(Raw data begins)

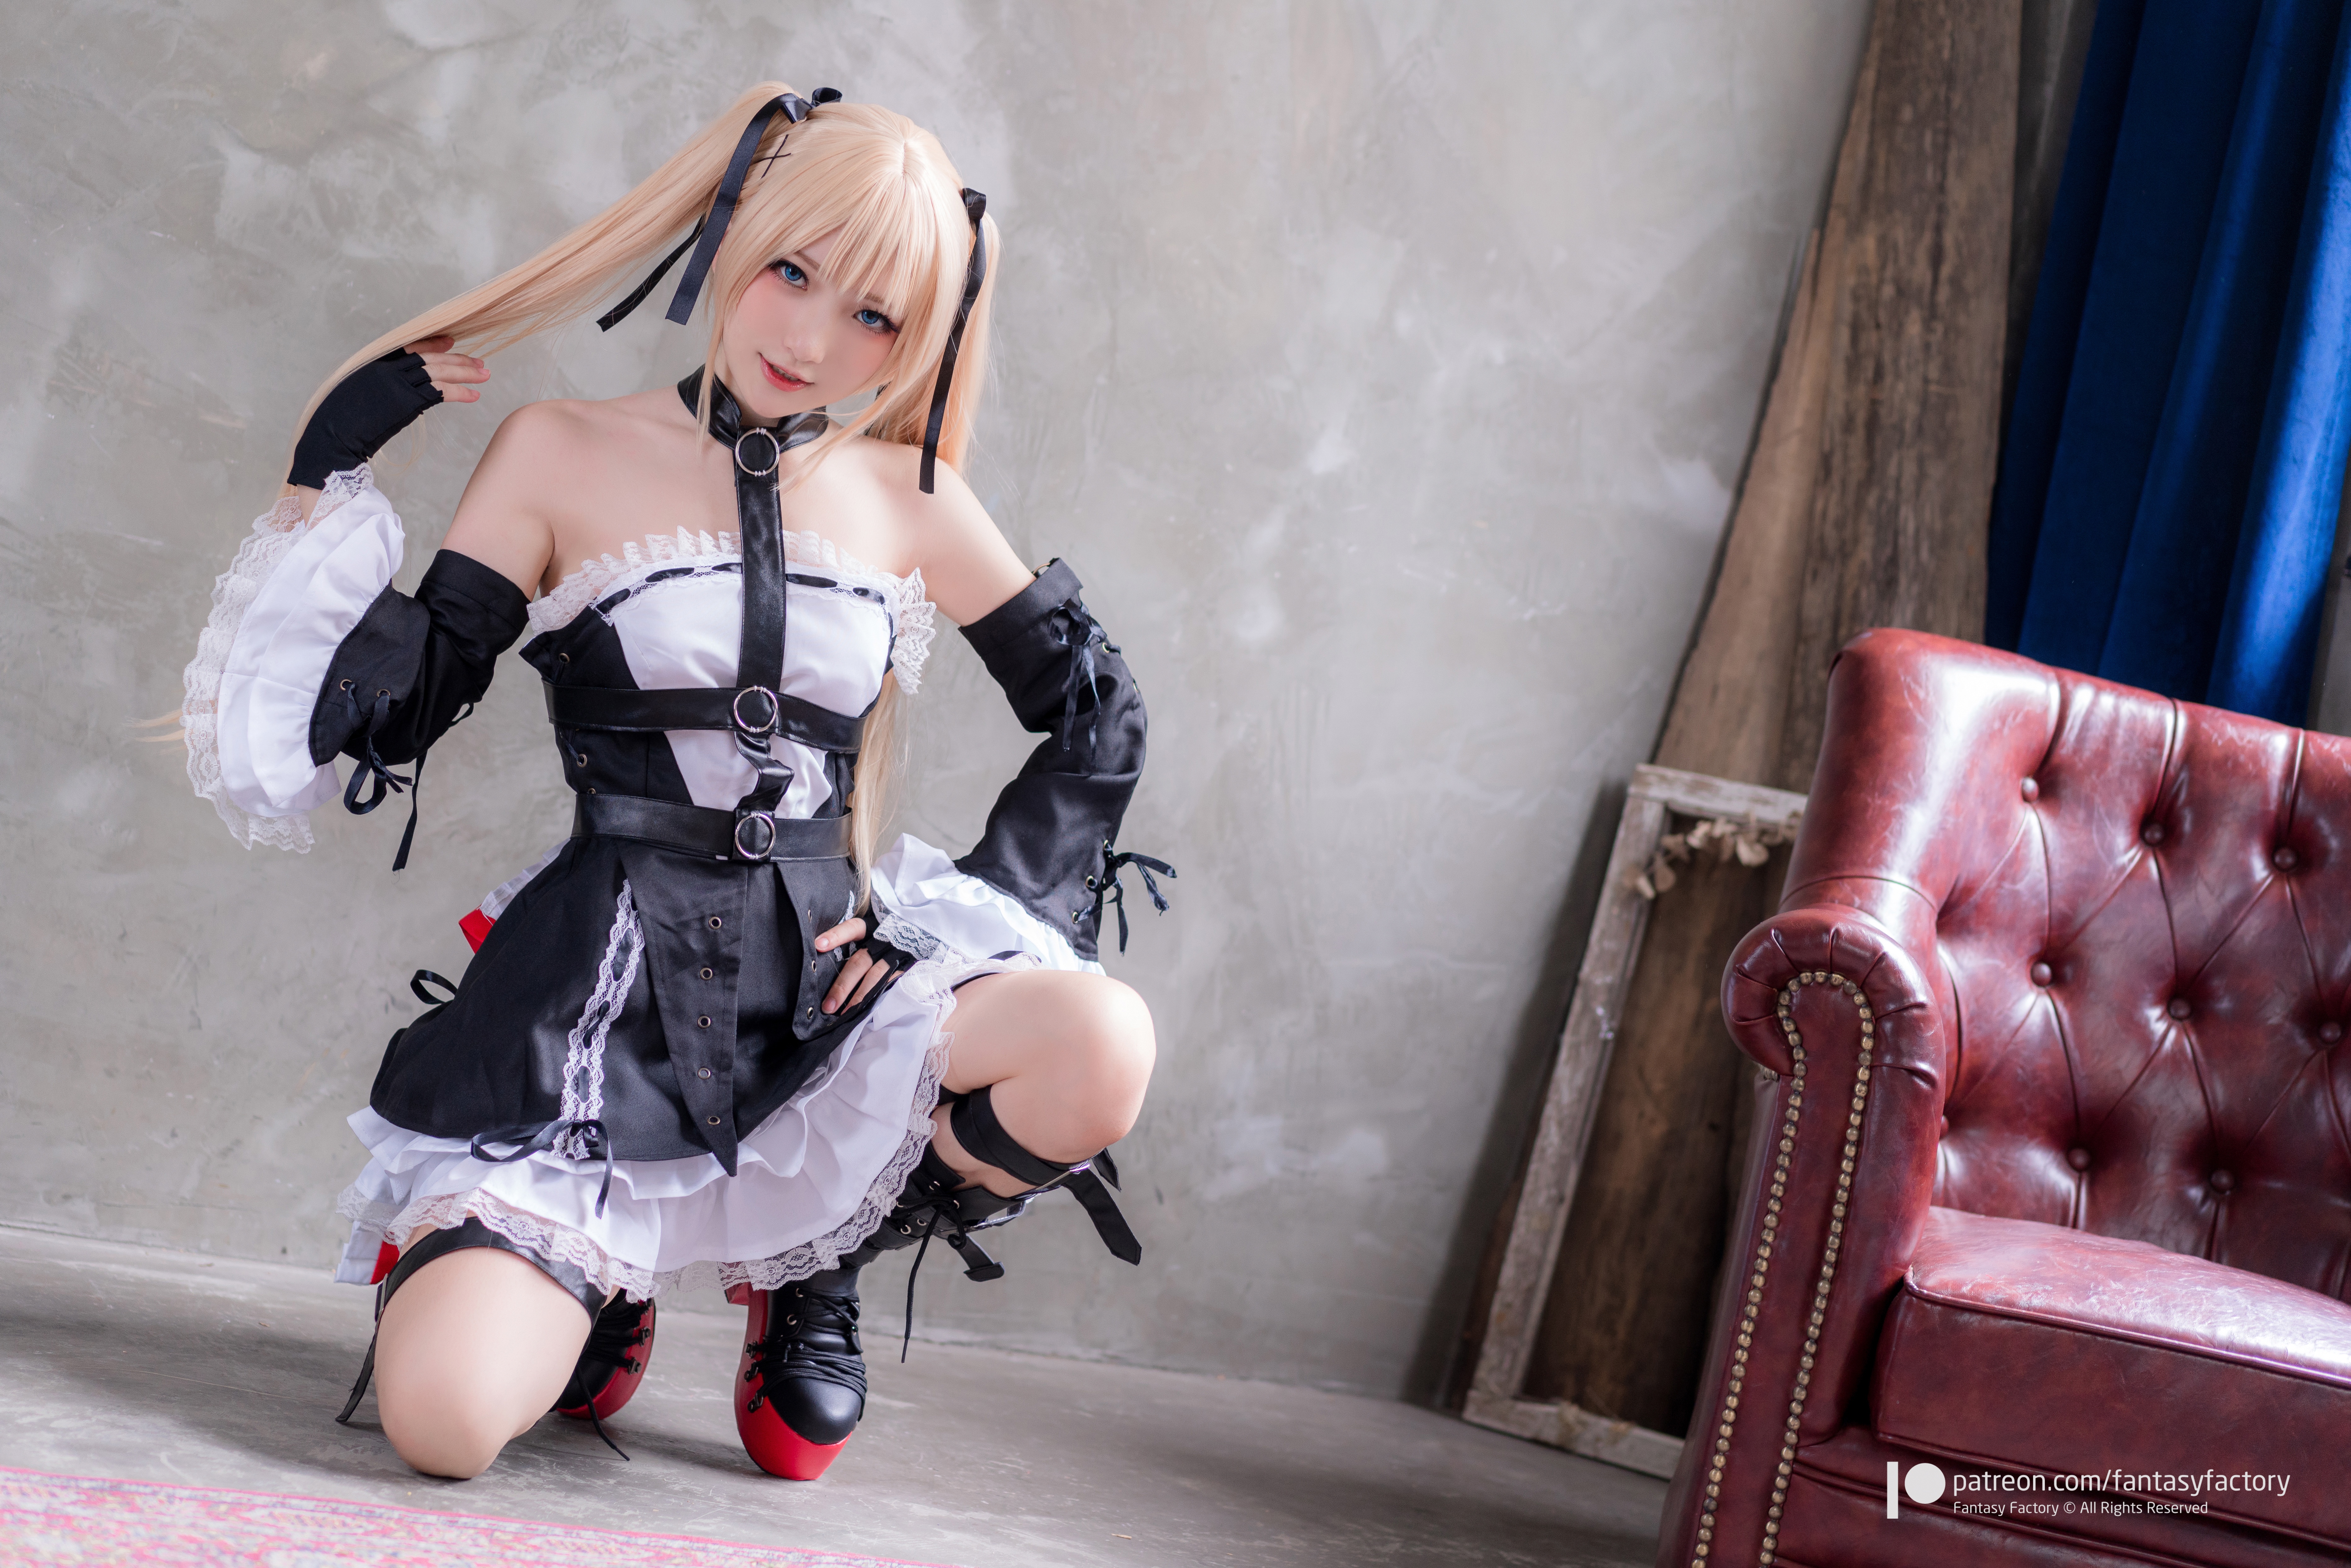 Women Model Asian Cosplay Marie Rose Dead Or Alive Video Games Video Game Girls Gothic Lolita Dress  7470x4983
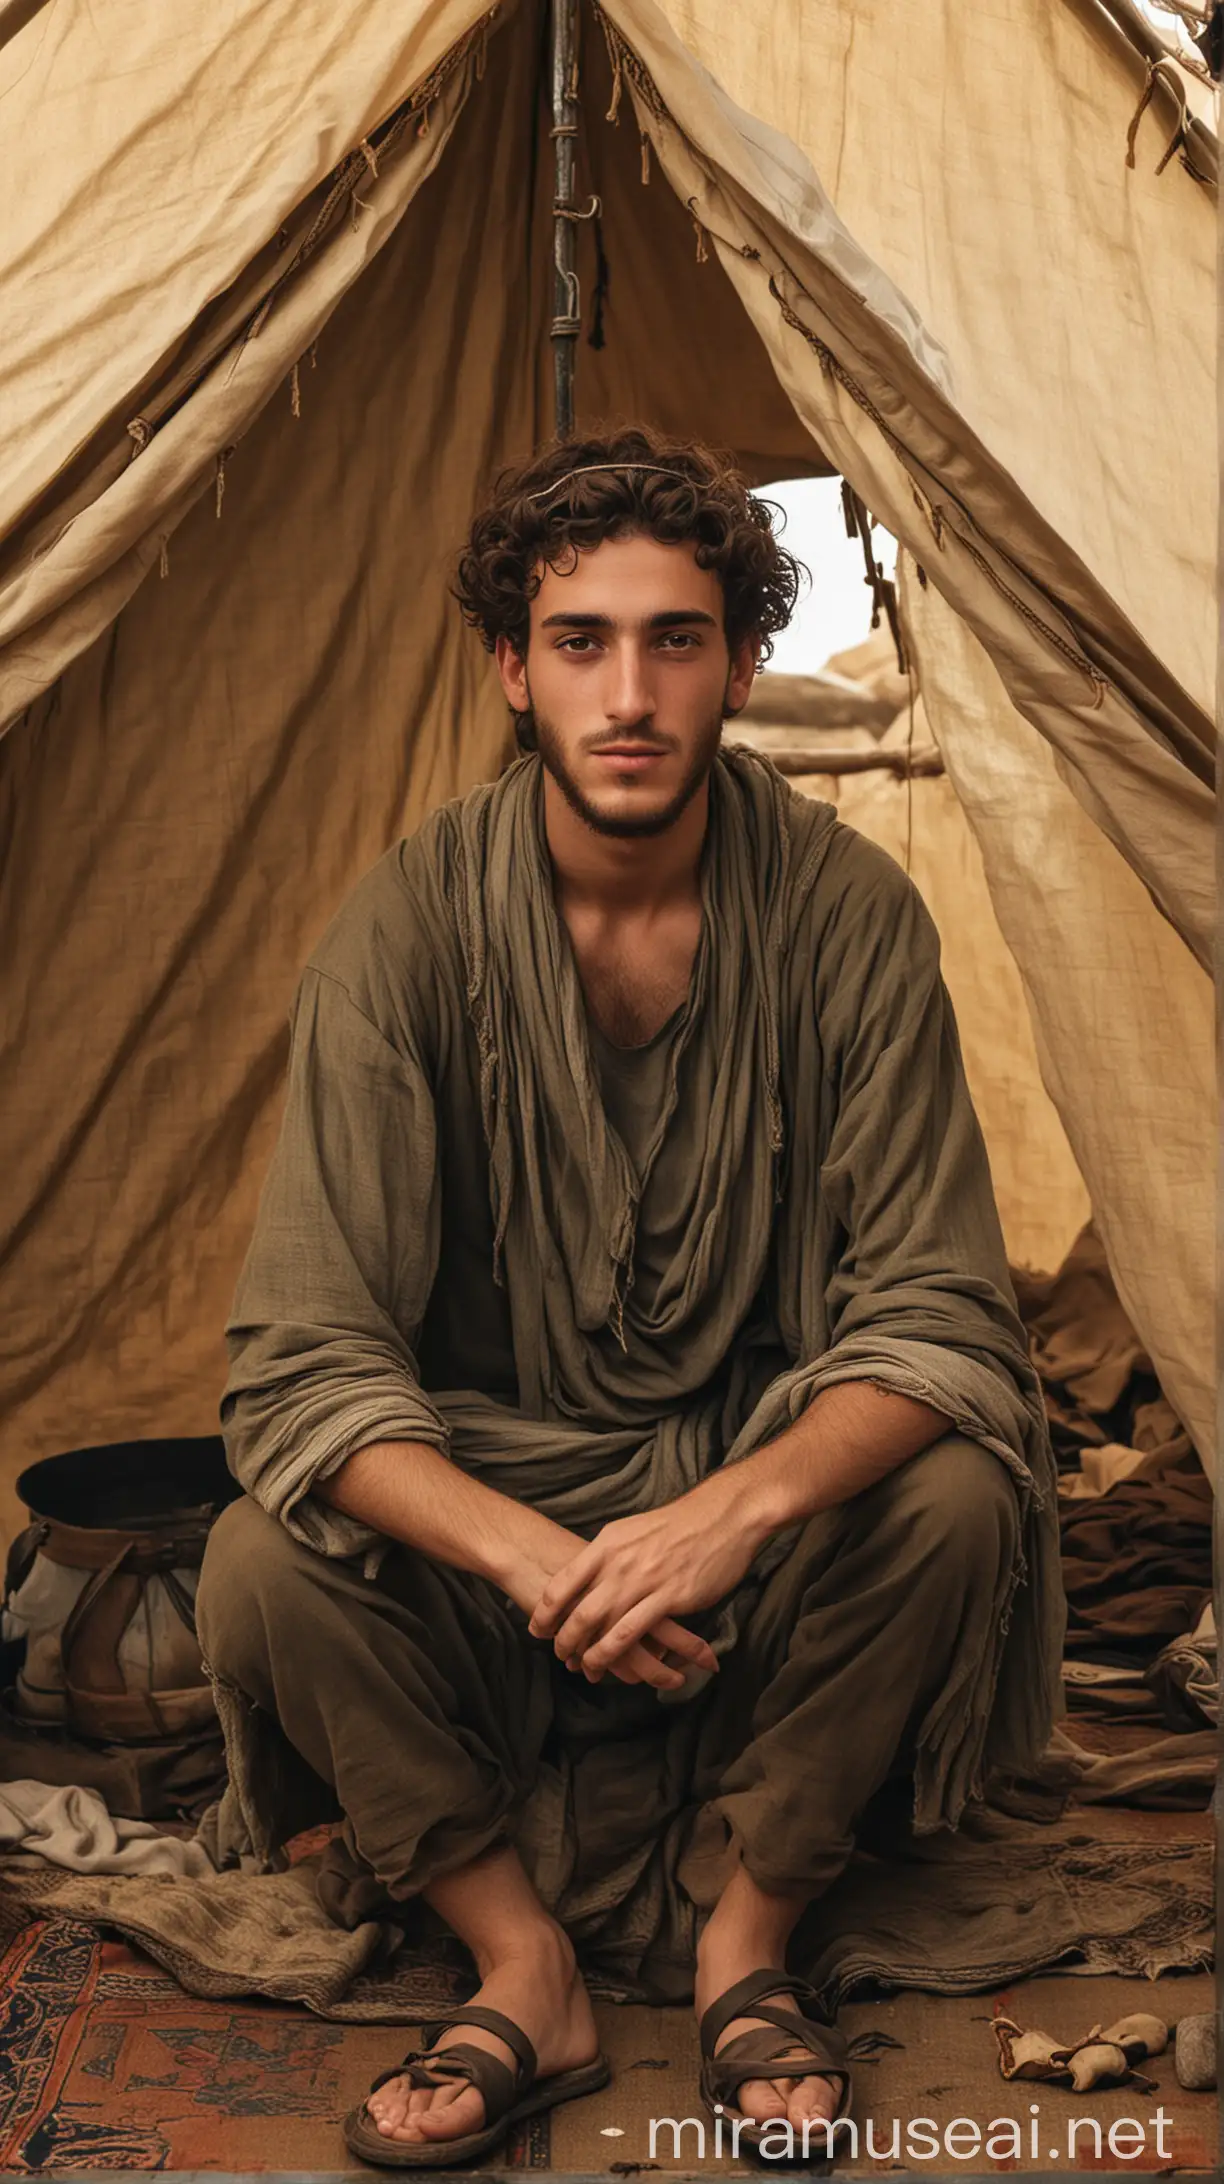 Young Jewish Man in Ancient Tent
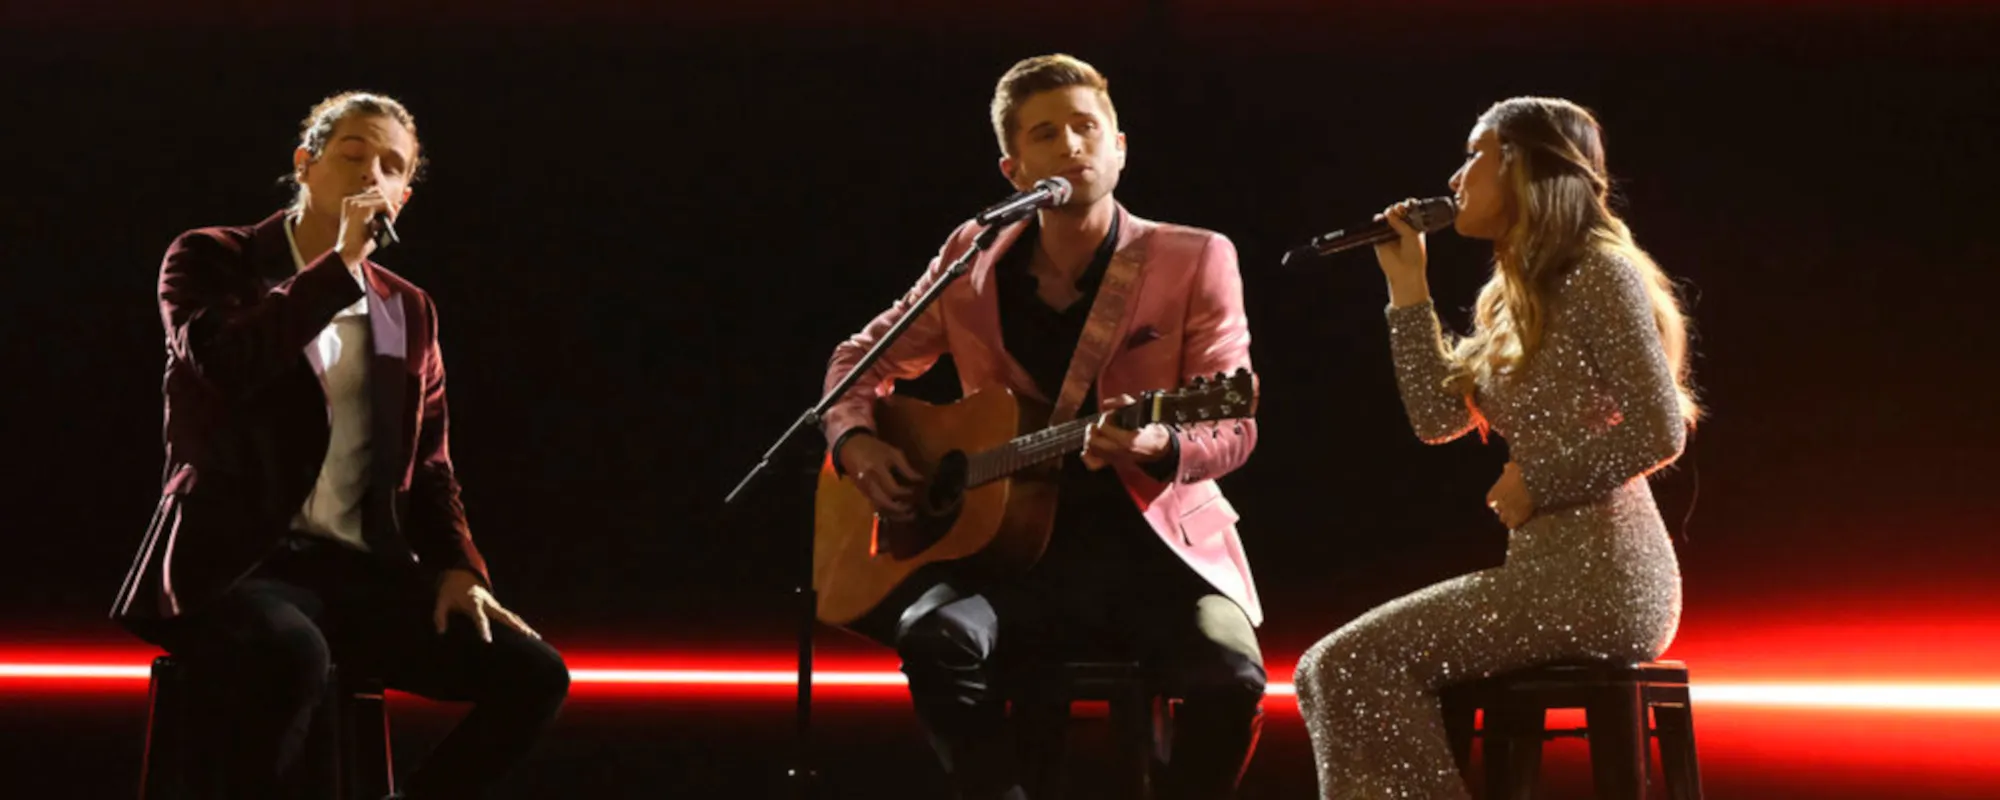 ‘The Voice‘ Finale Week: Girl Named Tom Covers Fleetwood Mac and The Foundations Ahead of Final Performance

(Raw data ends)

> **Exercise aim**:
Leave out the images and copy all remaining data word for word.

> **Result**:
 Women Model Asian Cosplay Marie Rose Dead Or Alive Video Games Video Game Girls Gothic Lolita Dress  7470x4983
 Young Jewish Man in Ancient Tent
 ‘The Voice‘ Finale Week: Girl Named Tom Covers Fleetwood Mac and The Foundations Ahead of Final Performance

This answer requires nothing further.